A drug is a chemical substance with the potential to alter the structure and function of a living organism.
Common Types of Drugs
Cannabinoids – Causes slowed thinking and reaction time, impaired balance, impaired memory and learning, and increased heart rate and appetite. Long-term effects may include mental health problems, chronic cough, and frequent respiratory infections.
- Marijuana, Hashish, Hash Oil
Depressants – Causes reduced anxiety, lowered inhibitions, slowed pulse and breathing, fatigue, memory loss, and impaired coordination.
- Alcohol, Barbiturates, GHB, Methaqualone, Valium, Xanax
Hallucinogens – Causes altered states of perception, thought and feeling, decreased ability to move, memory loss, and flashbacks. Long-term effects may include frightening flashbacks, long lasting memory problems, paranoia, and mood swings.
- DMT, LSD (acid), Mescaline, Psilocybin
Opioids – Causes drowsiness, nausea, pain relief, confusion, sedation, unconsciousness, coma, and may even cause death.
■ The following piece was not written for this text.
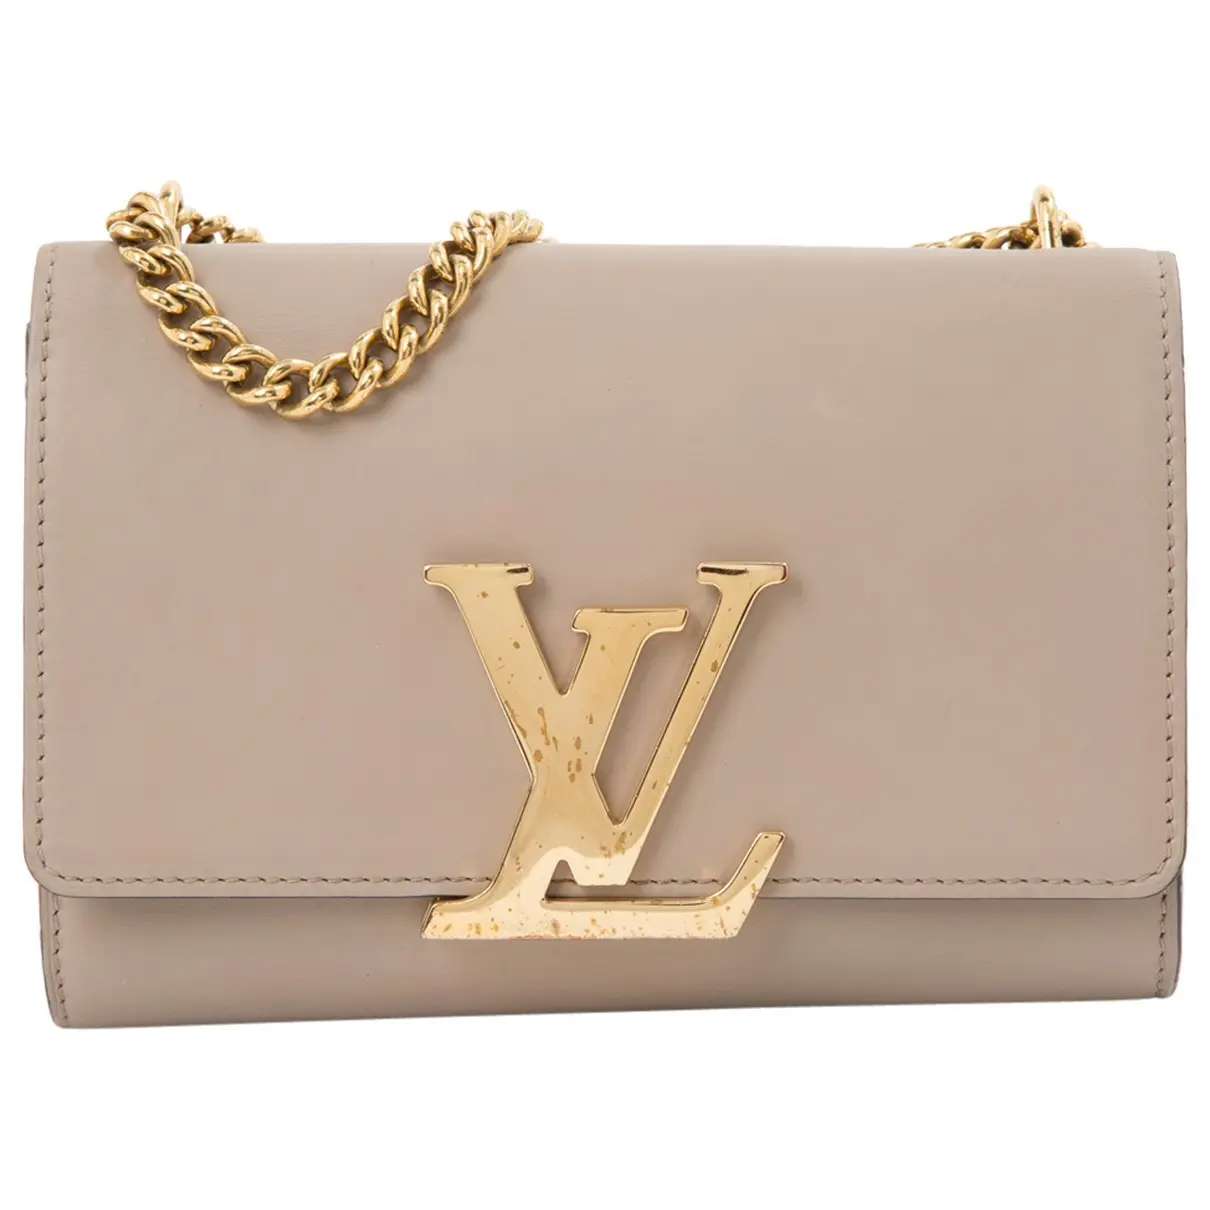 Louise leather handbag Louis Vuitton

- Codeine, Heroin, Morphine, Opium
Stimulants – Causes increased heart rate and blood pressure, feelings of exhilarations, increased alertness, insomnia, restlessness, weight loss, and heart failure.
- Cocaine, Methamphetamine, MDMA, Nicotine, Ritalin, Adderall
Prescription Drug Abuse
Prescription and over-the-counter drugs are falsely believed to be safer than illicit drugs. Misuse of these medications can cause serious health effects, addiction and death. Many people benefit from these drugs when used properly, but when abused they can become very addictive and dangerous.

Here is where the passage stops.